Return the line that has "Clémentine - Alfaliquid" and all lines below it through the last, exactly as they stand; omit pictures.

▸ RAW DATA
------------------------

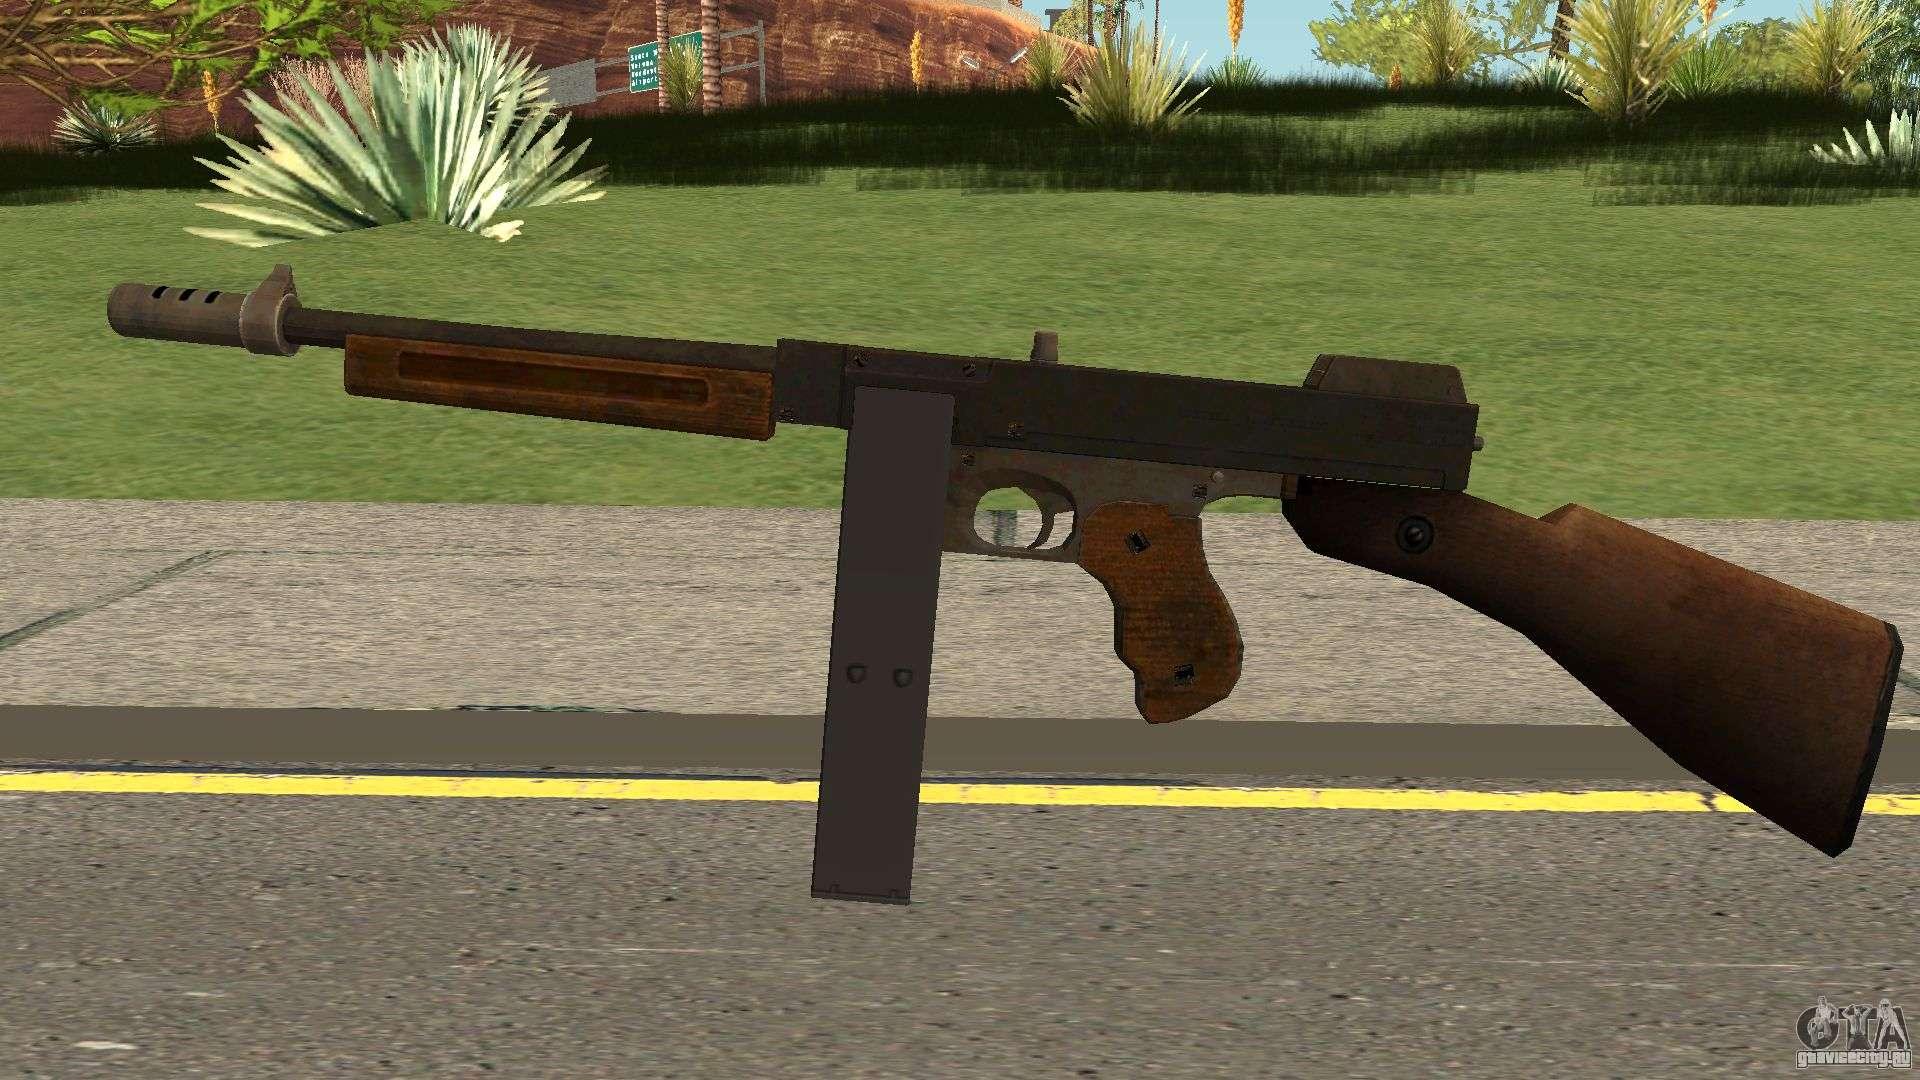 Оружие из гта сан андреас
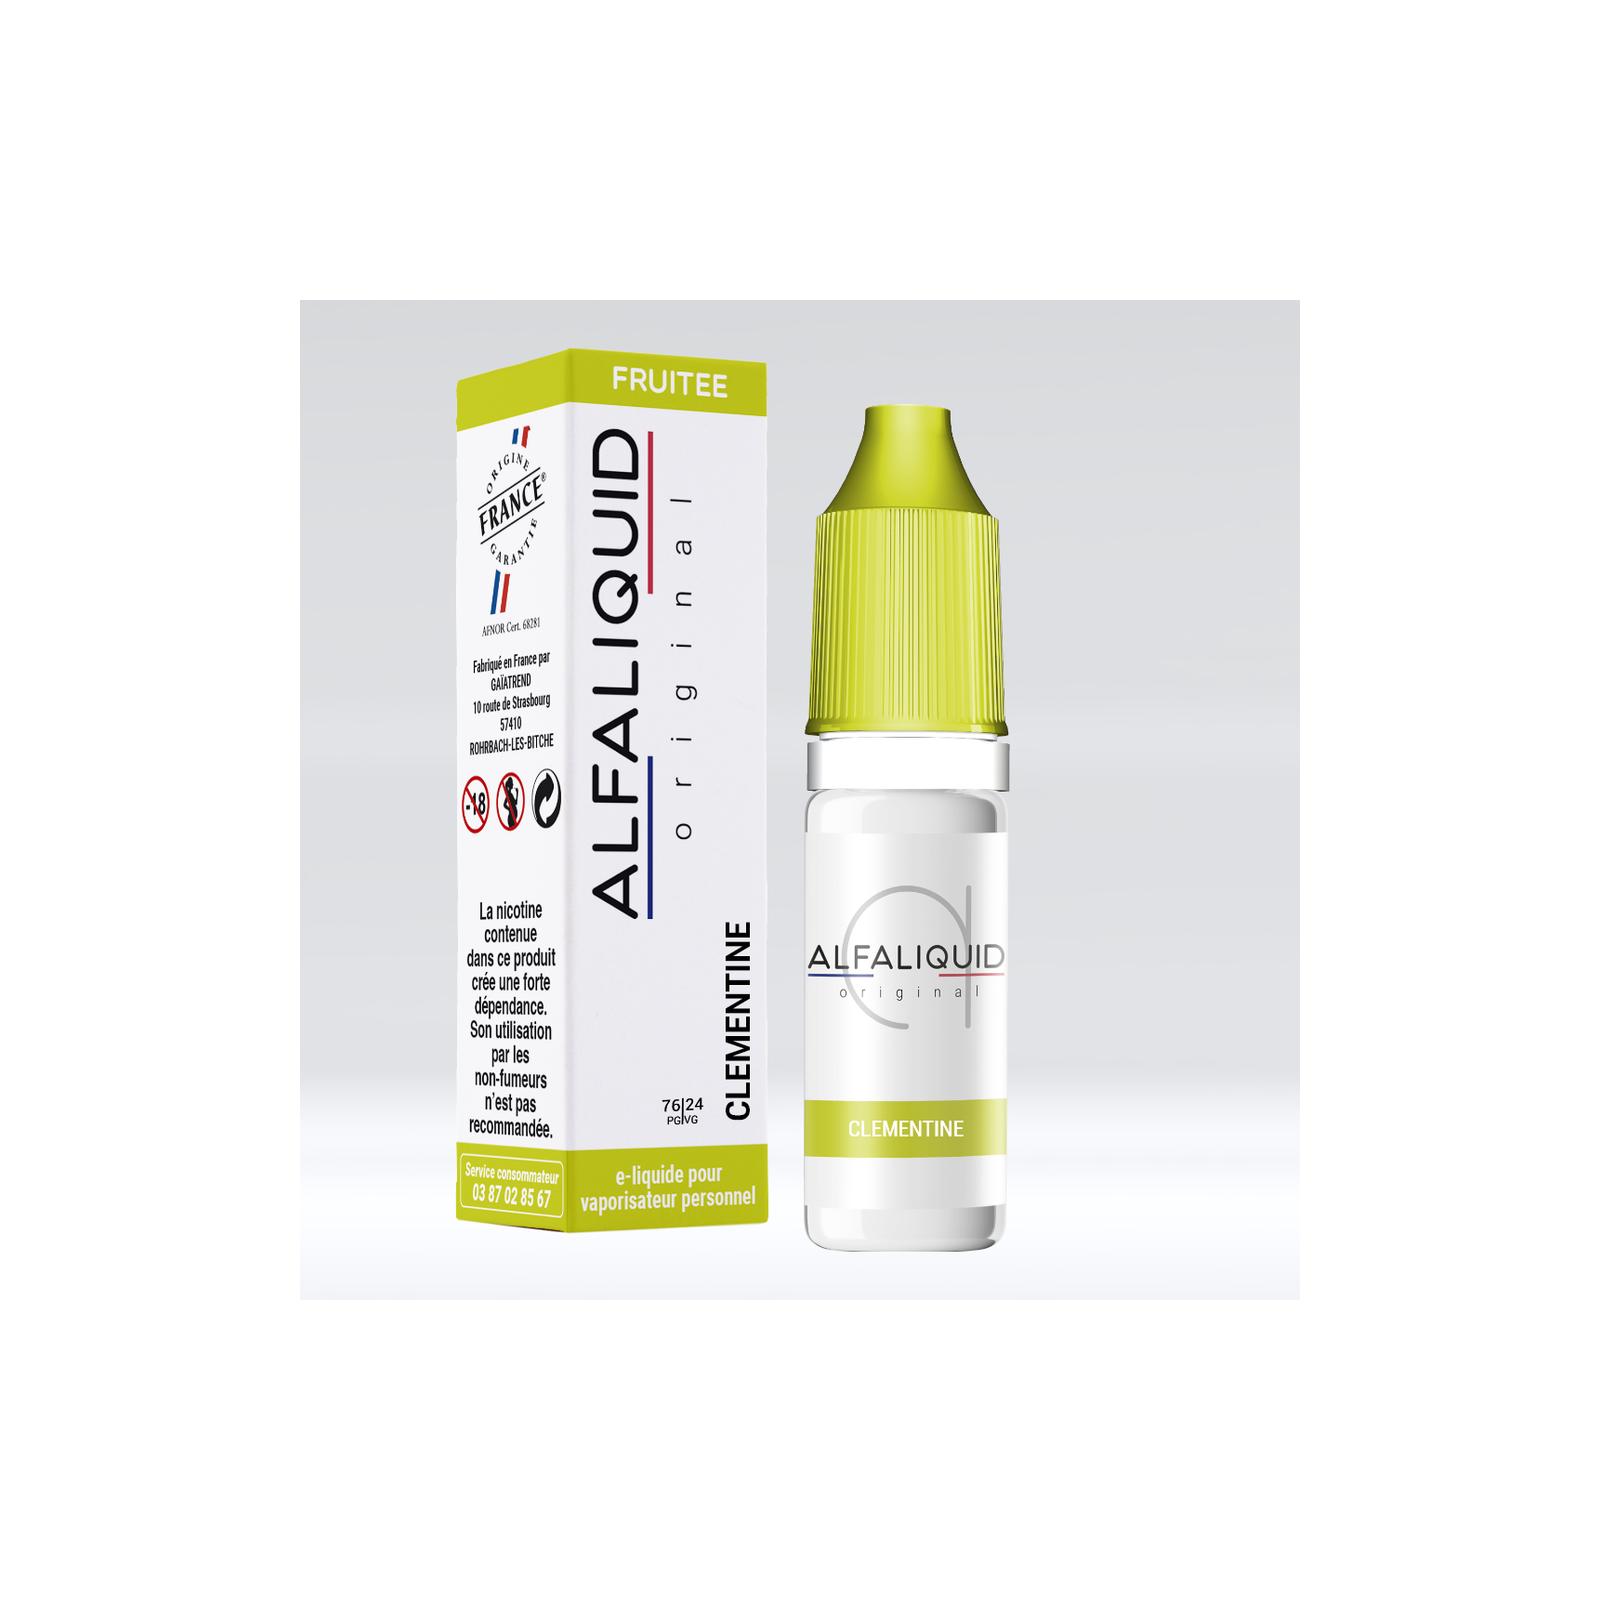 Clémentine - Alfaliquid
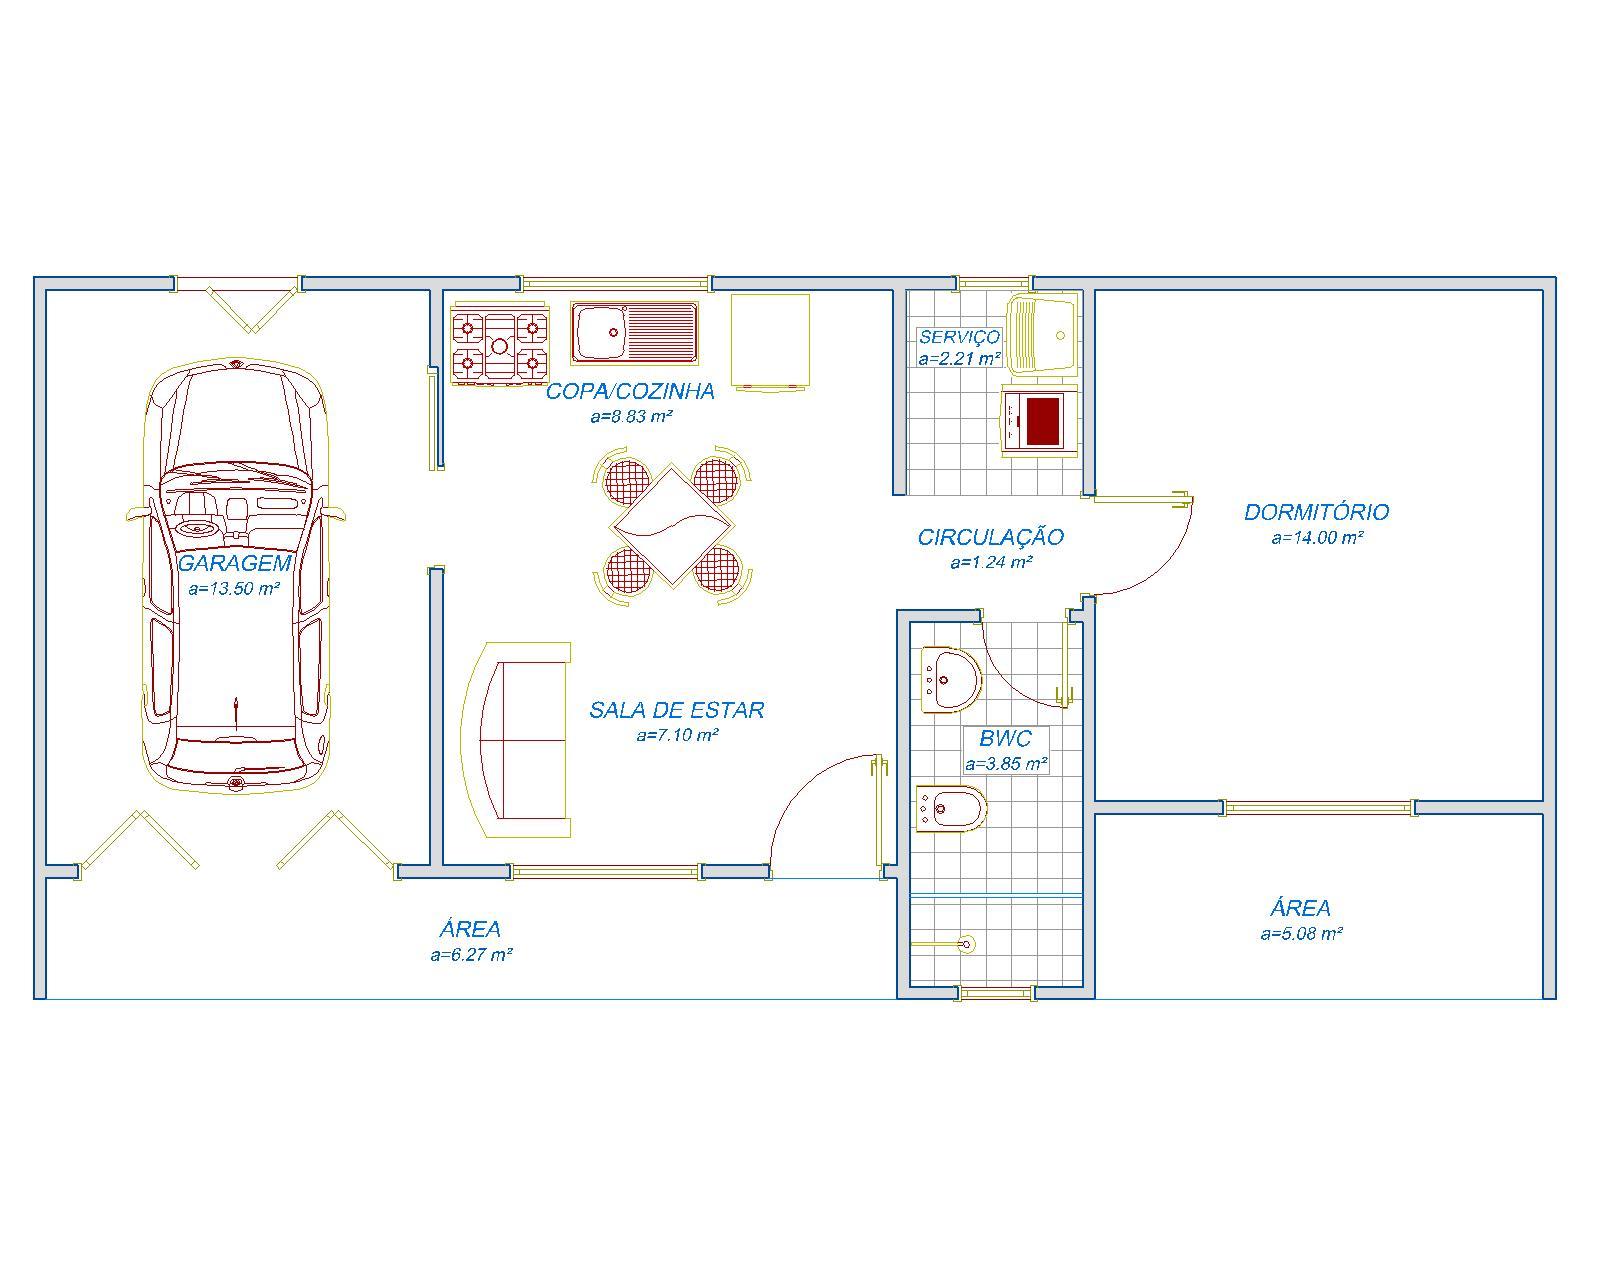 Garagem, 1 copa com cozinha, 1 sala de estar, 1 banheiro, 1 quarto, 1 área de serviço e varanda

------------------------

▸ EXERCISE RESPONSE
 Clémentine - Alfaliquid
 Garagem, 1 copa com cozinha, 1 sala de estar, 1 banheiro, 1 quarto, 1 área de serviço e varanda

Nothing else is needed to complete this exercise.